Copper(I) bromide, cas is 7787-70-4, it is a common heterocyclic compound, the copper-catalyst compound, its synthesis route is as follows.,7787-70-4

The ligand (50.0 mg, 0.11 mmol) was added to a suspension of copper(II) halogenide (0.11 mmol) in methanol (3 ml). The mixture was stirred at r. t. for 16 h. The precipitate was then filtered off and dried in vacuo. The pure compounds were obtained by recrystallization from dichloromethane and pentane.
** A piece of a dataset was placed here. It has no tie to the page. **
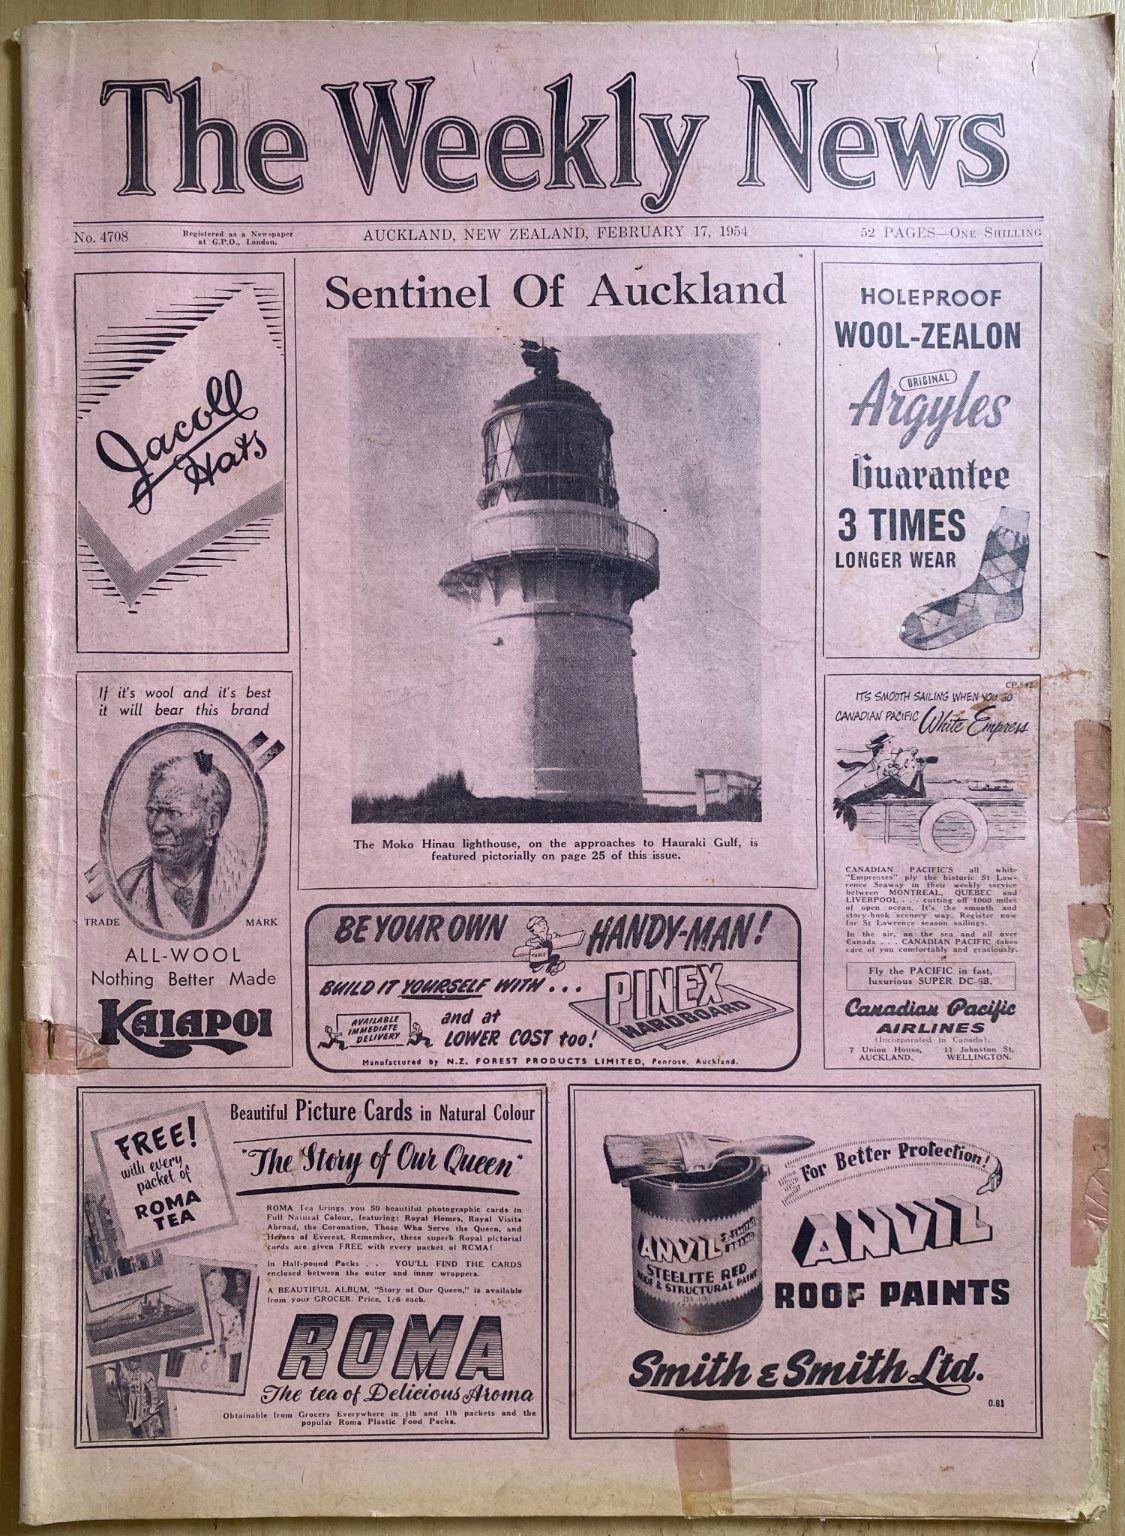 OLD NEWSPAPER: The Weekly News - No. 4708, 17 February 1954
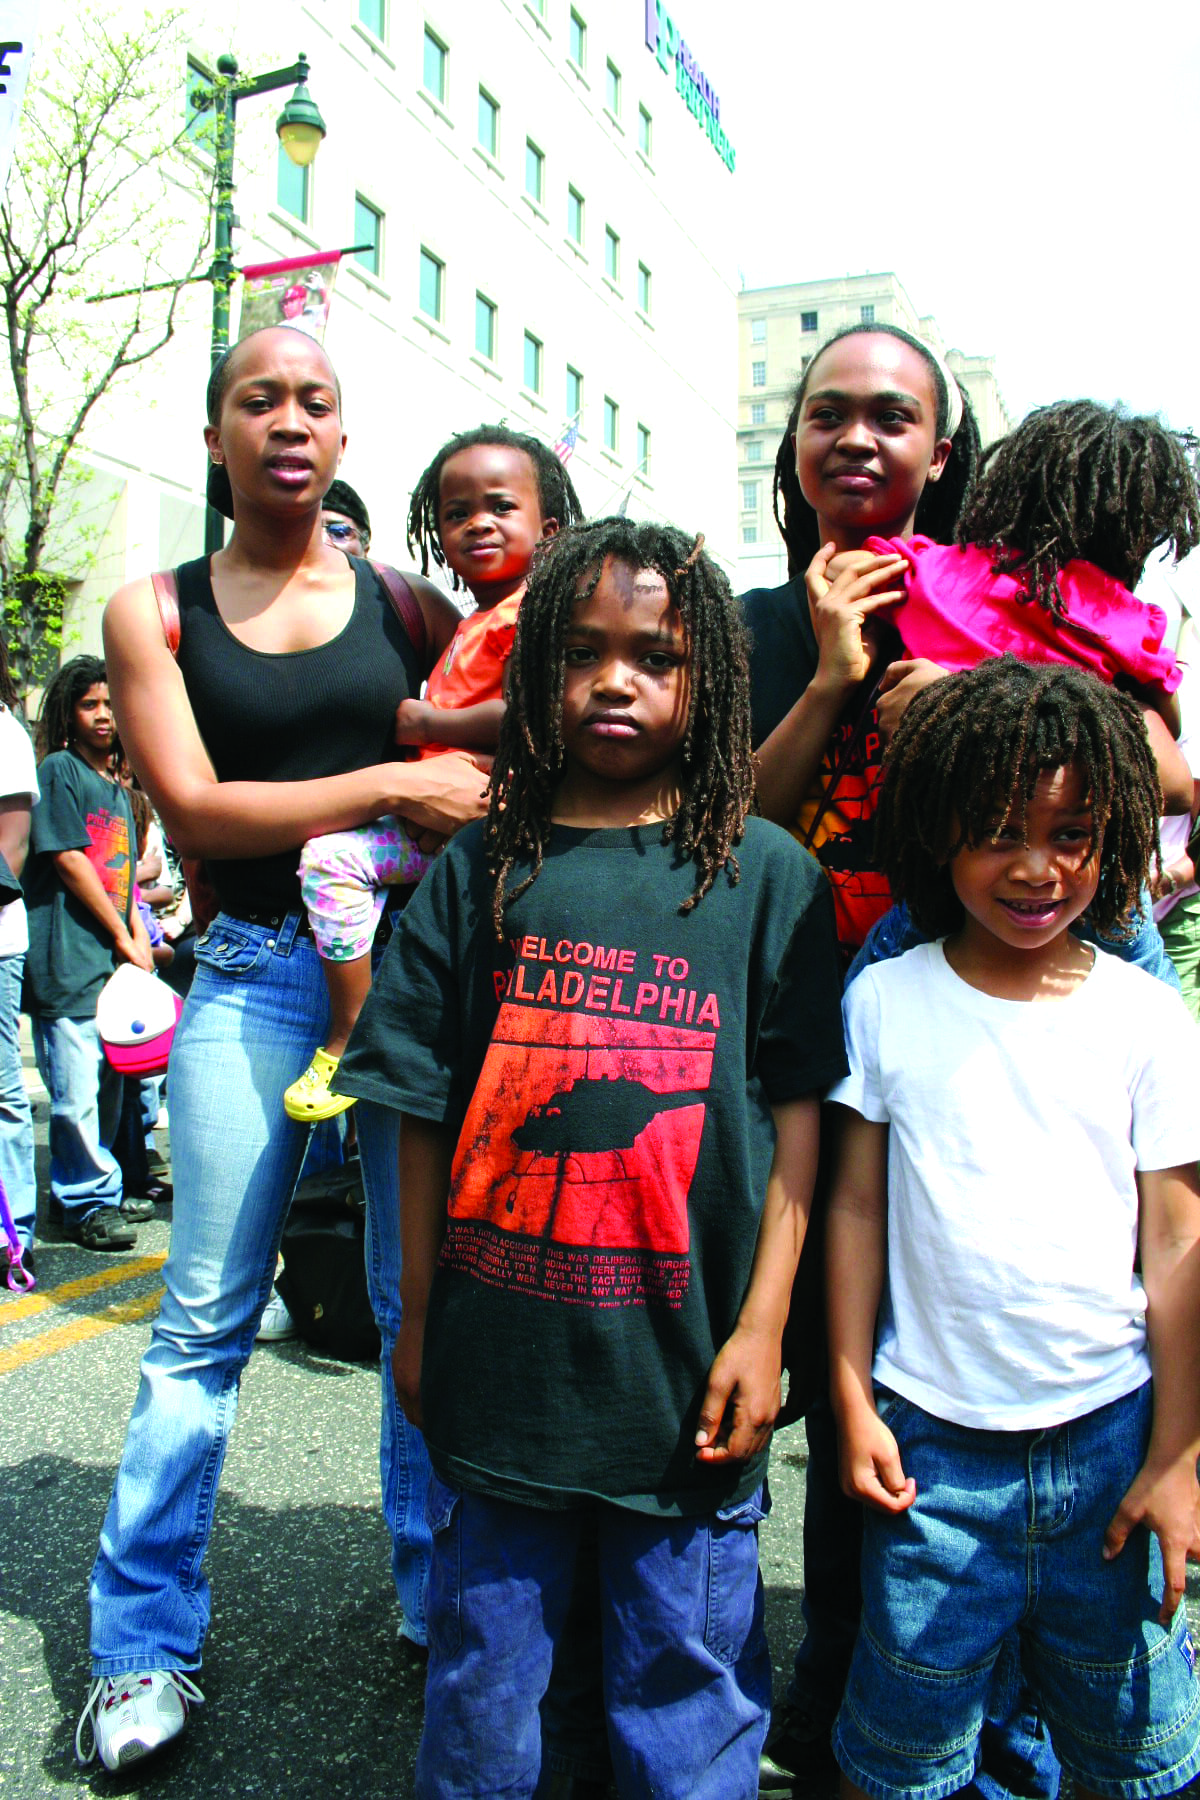 Pam’s-daughters-Pixie-Rose-Africa-MOVE-kids-for-Mumia-041908-by-JR, Support and defend the MOVE 9!, Archives 1976-2008 News & Views

With the rapid development of chemical substances, we look forward to future research findings about Copper(I) bromide

Reference£º
Article; Sauer, Desiree C.; Wadepohl, Hubert; Polyhedron; vol. 81; (2014); p. 180 – 187;,
Copper catalysis in organic synthesis – NCBI
Special Issue “Fundamentals and Applications of Copper-Based Catalysts”

 

Copper(I) bromide, cas is 7787-70-4, it is a common heterocyclic compound, the copper-catalyst compound, its synthesis route is as follows.,7787-70-4

General procedure: The complexes were prepared according to the following method [14]: 1mmol of copper(I) bromide or copper(I) chloride is stirred in methanol until complete dissolution. Then, 2.1 mmol of the corresponding phosphine ligand was added. The mixture was stirred at 60C for 30min. under nitrogen atmosphere. A microcrystalline precipitate was obtained by concentration of the solution at reduced pressure. The solid product was dissolved in a dichloromethane/methanol mixture and the solution was gradually cooled to 4C to give an air stable and colorless crystalline solid suitable for X-ray single-crystal diffraction studies.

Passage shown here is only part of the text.